GrailEXP is currently used primarily to analyze human and mouse, but many more systems are under development, including arabidopsis, drosophila, rice, corn, wheat, and many more.
The original GrailEXP (v1.0) was developed by Ying Xu, Manesh Shah, Richard Mural, and Edward C. Uberbacher.
A complete list of credits/acknowledgments is available online. This includes all authors who have worked on all versions.
GrailEXP provides users with many different capabilities. Some use it just to get an idea of where coding is in their favorite sequence. Others are interested in using it as a sim4-like EST alignment program. Some are interested in comparing human genomic sequence with mouse ESTs. Others are more interested in the development of gene-finders for model organisms such as rice, corn, and wheat. Others use the program just to align a single mRNA with a genomic sequence suspected of containing that gene. Finally, some use the program to quickly mask a sequence for repetitives. GrailEXP is used in many different ways, depending upon the needs of its users.
If you're interested in obtaining fast, accurate analysis of DNA sequence, then GrailEXP may be the program for you.
GrailEXP features a Grail-like exon finder (with improved splice site recognition and other minor changes) adapted from the Grail 1.3 code. However, the gene modeling has been vastly improved by searching a database of known gene messages (complete and partial) and building gene models based on the corresponding alignments. It is these two additional powerful tools (the gene message alignment program and the gene assembly program) which distinguish GrailEXP from Grail.

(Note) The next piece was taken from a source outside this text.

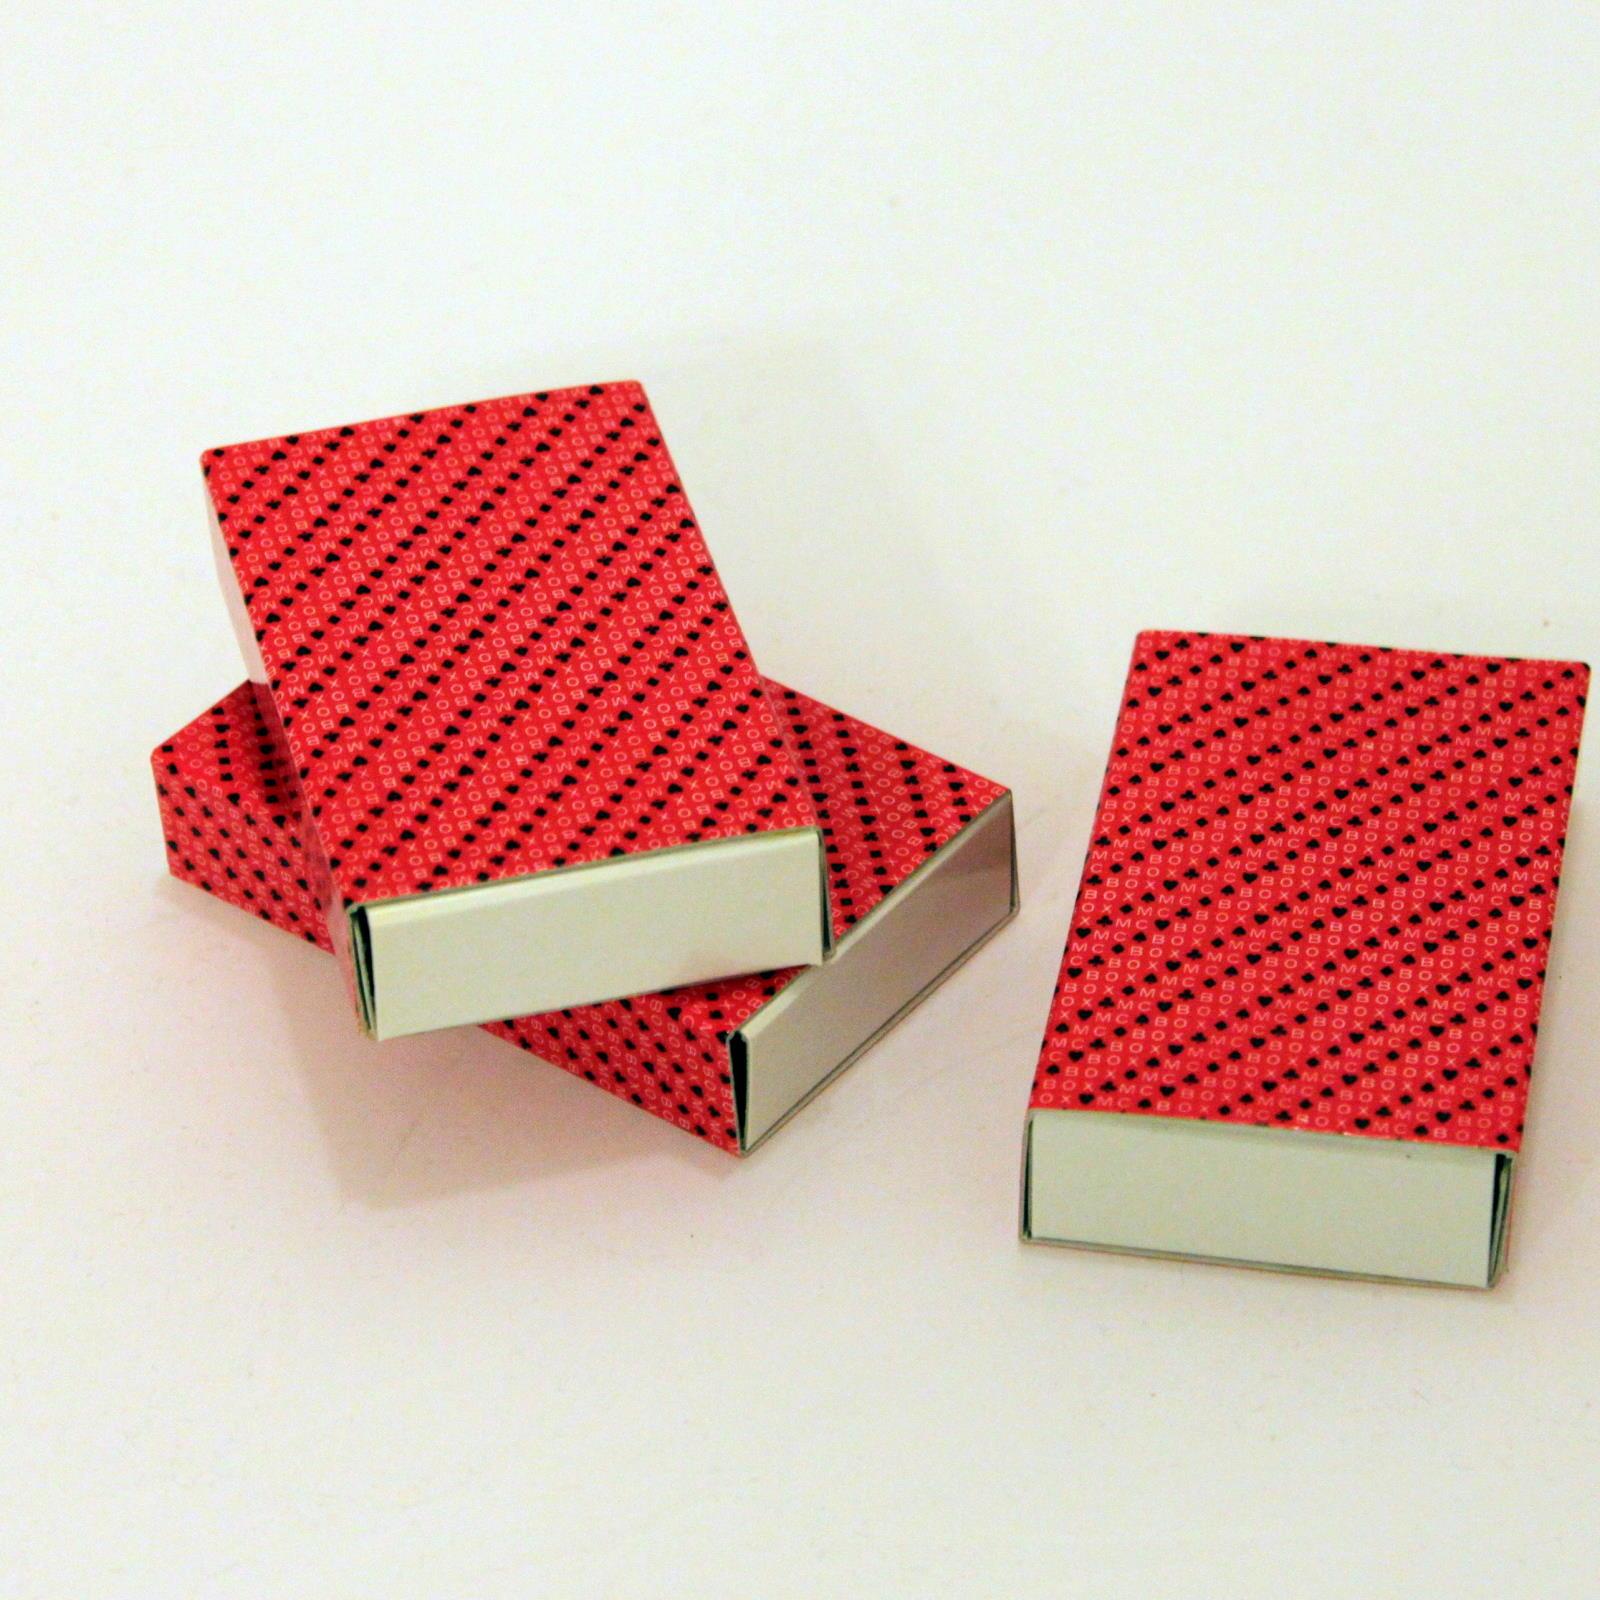 MC Box by Mikame Craft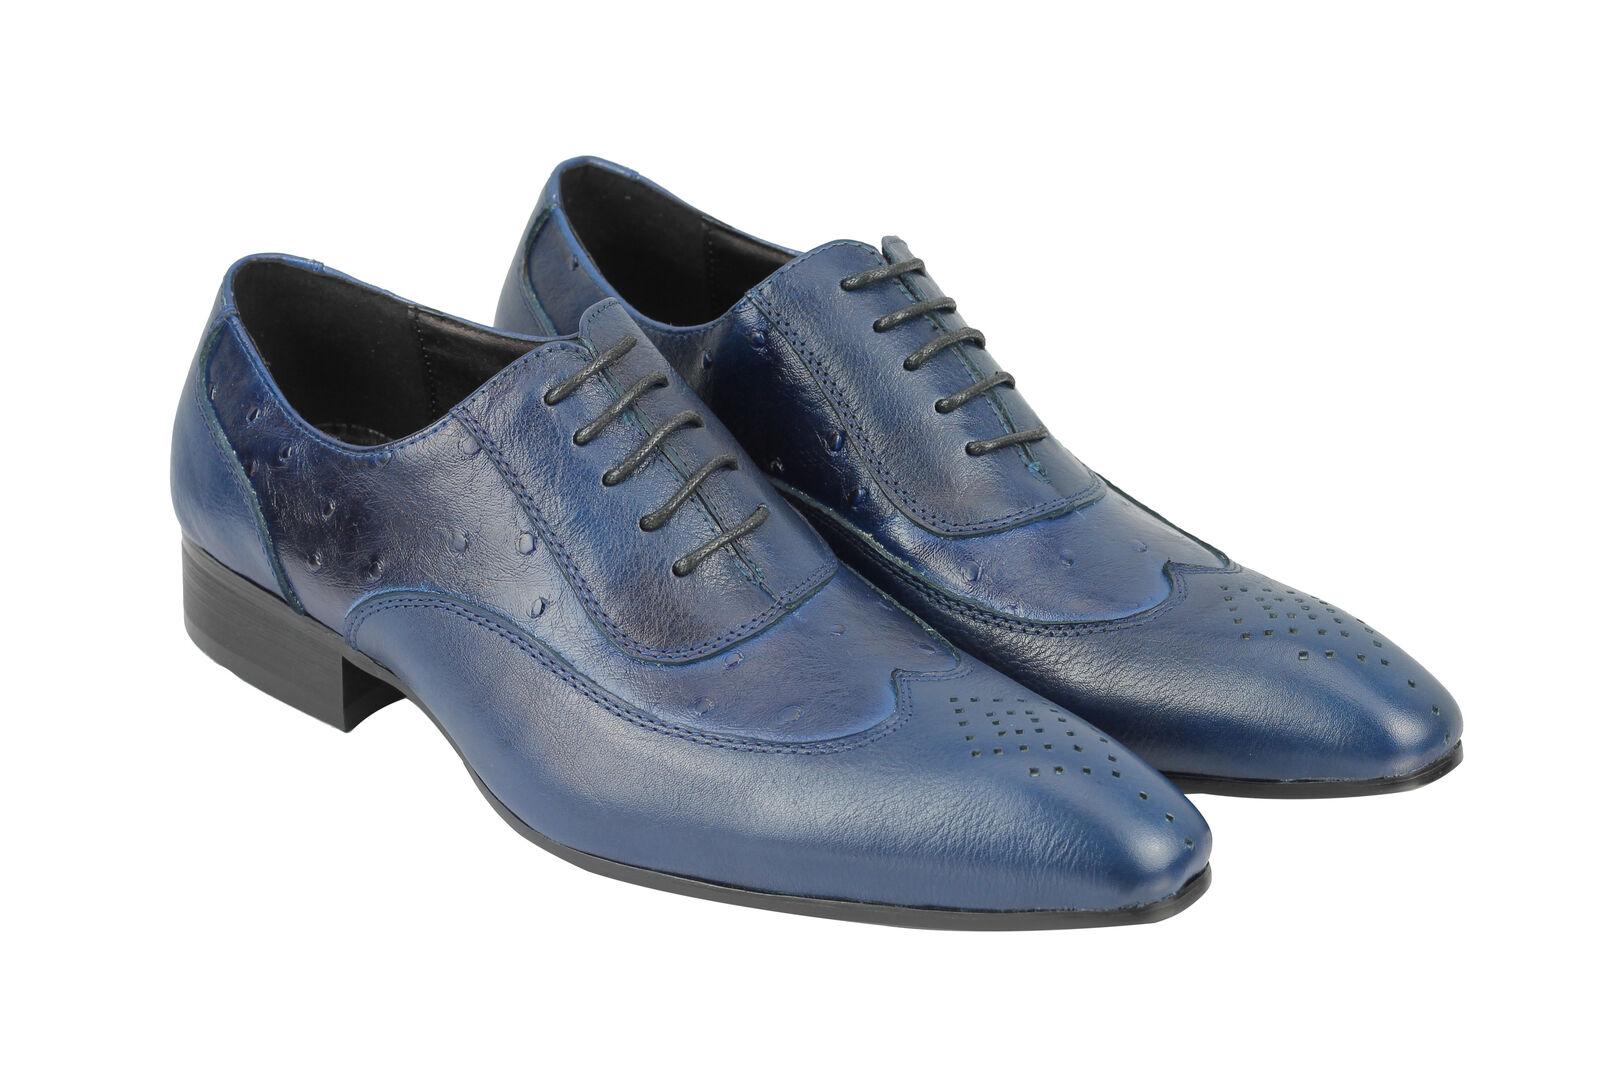 Mens All Blau Real Leder 2 Tone Blau All Italian Style Dress Schuhes 6.5 7 8 9 10 11 11.5 72c4d4

In addition, the Smith-Waterman-like complex repeat Grail finder, which takes forever to run, has been replaced by a BLAST-based method which is much faster, although admittedly less precise.
As far as raw exon prediction goes, Grail 1.3 performs slightly worse than Genscan on human and mouse. However, the addition of similarity search information causes GrailEXP to outperform Genscan consistently. Genscan is particularly weak in predicting the beginning and end of genes. GrailEXP vastly outperforms Genscan in regions of EST/cDNA similarity. Where there is partial EST information, GrailEXP also outperforms Genscan. In regions where there is no similarity with known genes, Genscan predicts exon edges slightly better than GrailEXP, but GrailEXP still predicts gene begin and end better. In such regions, Genscan's tendency is to create genes that are too long; GrailEXP tends to produce genes that are too short (i.e. it breaks genes). Regardless, Genscan exons can be fed to GrailEXP's alignment program, effectively creating a GenscanEXP, if that is the user's desire.
GrailEXP also has the capability of running reliably on unmasked sequence, since it can filter its exons against a repetitive element database. This means that GrailEXP can produce exons that overlap repetitive elements only slightly, but are real exons. Genscan lacks this capability; it must be run on a repeat-masked sequence (thus possibly obliterating good splice sites) or else a lot of garbage comes back. One caveat with running on unrepeat-masked sequence: there will be a few genes predicted that overlap repetitive elements. However, we consider this to be an acceptable price to pay to obtain the untranslated regions of genes that contain repetitive elements (and would be lost if GrailEXP were run on repeatmasked sequence).
An additional feature of GrailEXP is that it can run reliably on draft sequence. The user can specify for the program not to build gene models across gaps unless there is EST/mRNA evidence supporting such a build. This is another option lacking in most other genefinding tools.
GrailEXP was evaluated using the Guigo et al. test set from their recent study on gene prediction accuracy in large-scale genomic sequences. The results of running GrailEXP on this test set are available online.
GrailEXP's gene message alignment program (Galahad) is one of the best publicly available. Because it relies on exon information to seed its search AND because it uses BLAST to get its initial "ball-park" alignments AND because it runs in parallel, the program literally runs hundreds of times faster than programs like sim4. GrailEXP does not recognize short exons well currently, and repeating zinc finger genes produce some crazy-looking alignments. However, its speed and reliability in finding splice sites make it a very useful utility. In addition, the gene assembly program asks the "next step" questions, like which ESTs agree on a gene model, which ESTs indicate an alternative splice, as well as being able to assemble overlapping ESTs on the fly into gene models. A comparison of EST alignment programs was also performed.
As far as repetitive finding goes, RepeatMasker provides far more rigorous alignments with a repetitive database. If your interest is in eliminating repetitives from your sequence quickly, however, then GrailEXP is a more useful tool. A caveat, however: using BLAST to locate repetitives is MUCH LESS SENSITIVE than RepeatMasker (a factor of two). The BLAST method, however, does work well to eliminate most genes containing repetitives.
It is also available commercially through ApoCom Genomics and Genome Informatics Corporation.